Карамон страдальчески покосился на Таниса, и полуэльф неожиданно понял, что великану требовалось его, Таниса, одобрение. Очень странно. Обычно Карамон слушался Рейстлина беспрекословно… Не он один заметил безмолвный призыв Карамона. Глаза Рейстлина сверкнули яростью. И Танис с особенной остротой осознал, что не доверяет, не может доверять магу и его странной, все возрастающей силе. Я непоследователен, сказал он себе. Это лишь реакция на тот сон, и не более… Как бы то ни было, решать, что делать с Оком, предстояло ему. И, увы, выбора у него не было. Он нехотя проговорил:
– Рейстлин – единственный среди нас, у кого достаточно знаний, умения, и, чего уж там, храбрости, чтобы справиться с этой штуковиной. А значит, пускай он ее и забирает. Или кто-нибудь из вас хочет попробовать? Никто ему не ответил, лишь Речной Ветер мрачно нахмурился и покачал головой. Танис знал, что варвар, будь у него такая возможность, с радостью оставил бы Око здесь, в Сильванести. Да и Рейстлина с ним заодно.
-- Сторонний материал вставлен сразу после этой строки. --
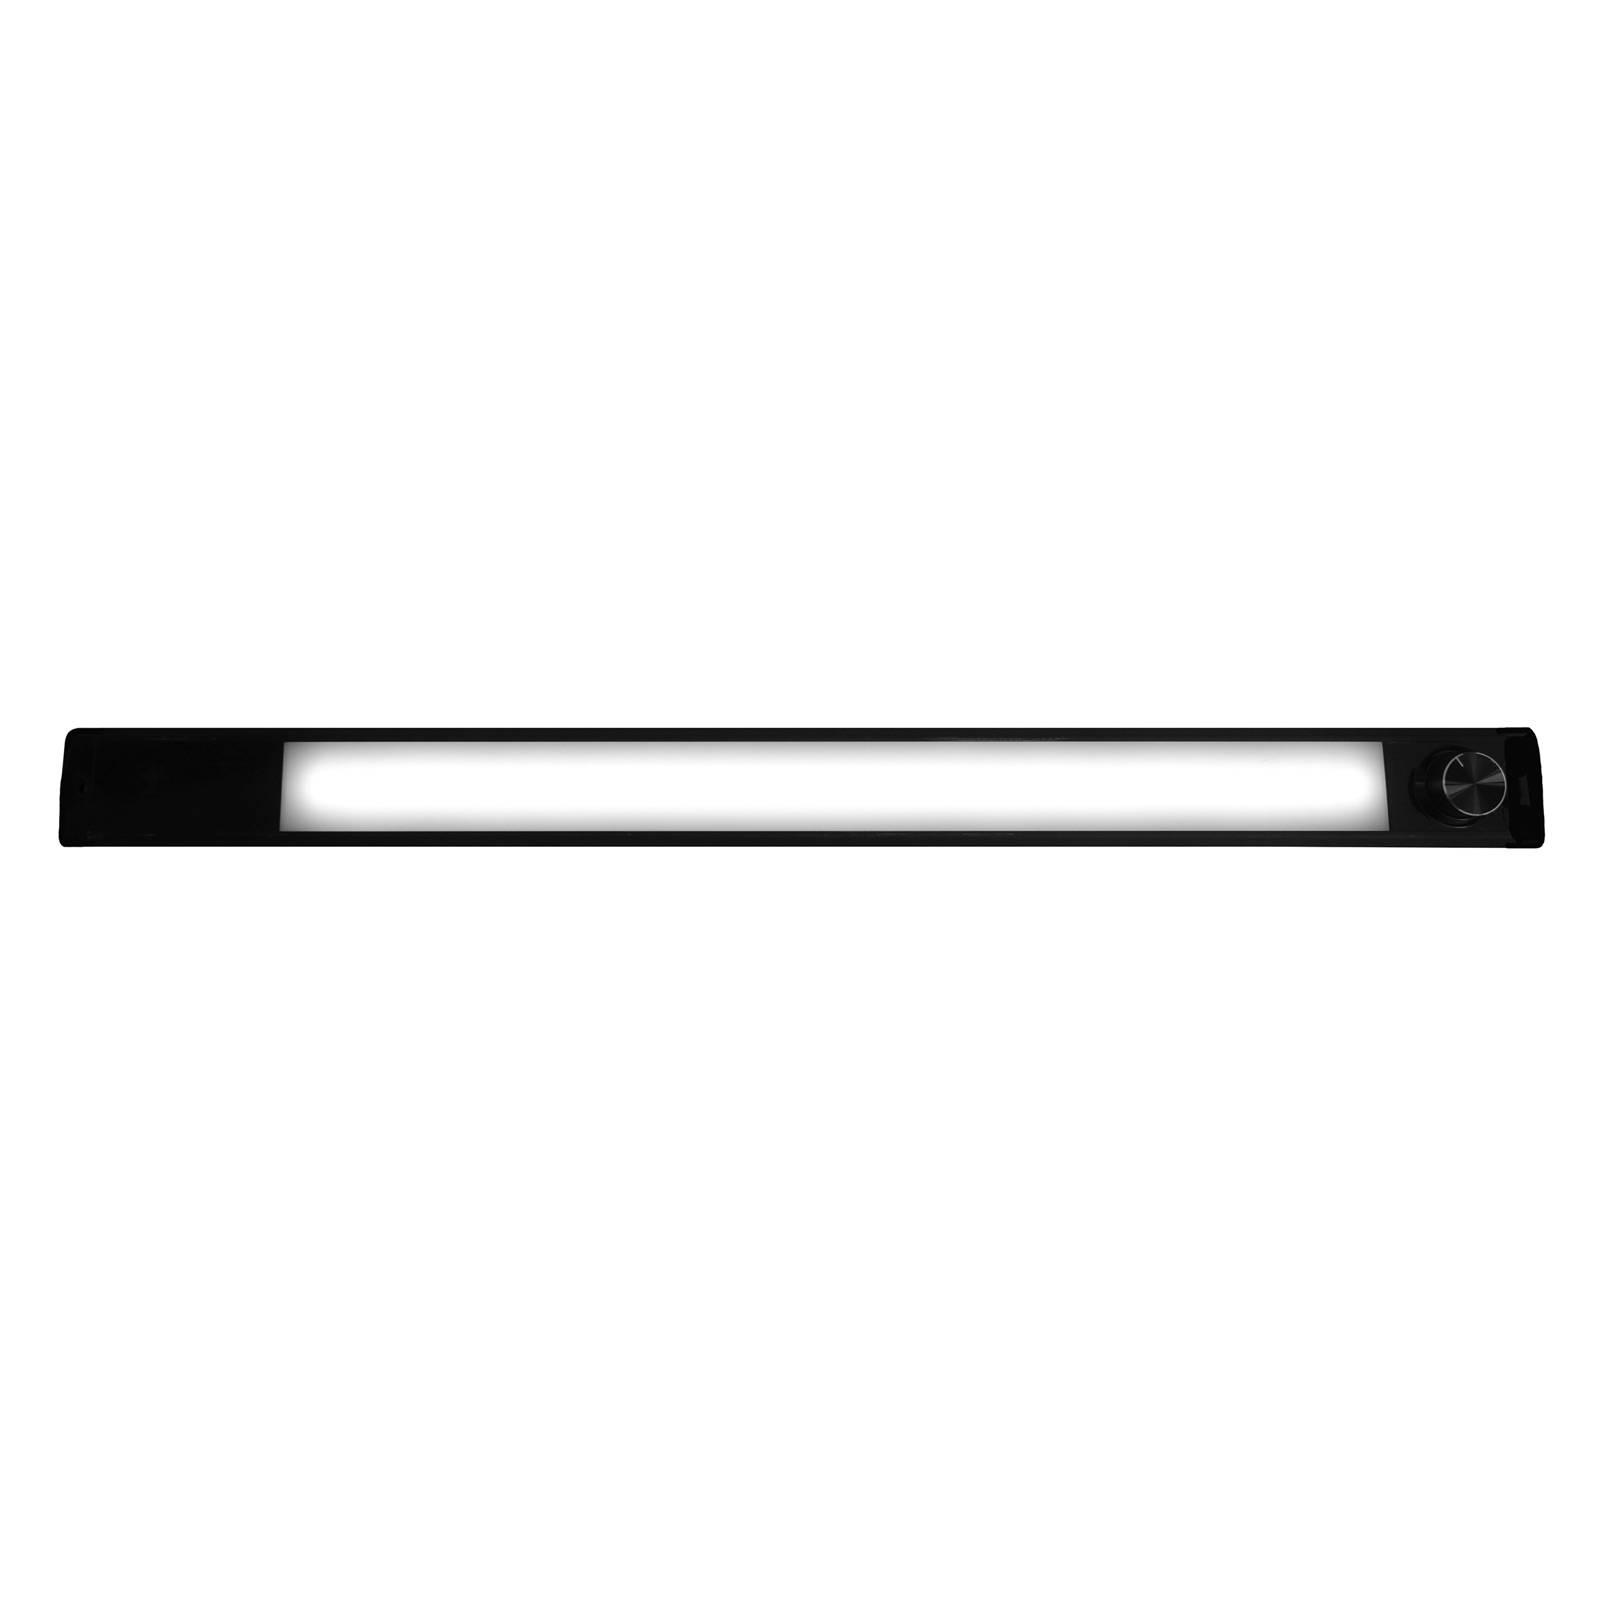 Lampada LED da mobili Calina 60 Switch Tone, nera

– Аглаи, Карамон, – сказал Танис. – Тащи. Кроме тебя, его никому не поднять.
Богатырь нехотя подошел к хрустальному шару, покоившемуся на золотой подставке. Протянул к Оку дрожащие руки… Коснулся его… И ничего не случилось. Шар точно и не заметил. Облегченно вздохнув, Карамон поднял Око и, постанывая от натуги, подал его брату, державшему наготове мешочек.
– Клади сюда, – велел Рейстлин.
– Что? – разинул рот Карамон, сравнивая взглядом огромный, неподъемно тяжелый шар и маленький мешочек в хилых руках мага. – Да ты что, Рейст! Он же туда не влезет! Кокнем, и все!
Золотые глаза Рейстлина свирепо сверкнули в гаснущем свете дня, и великан замолчал.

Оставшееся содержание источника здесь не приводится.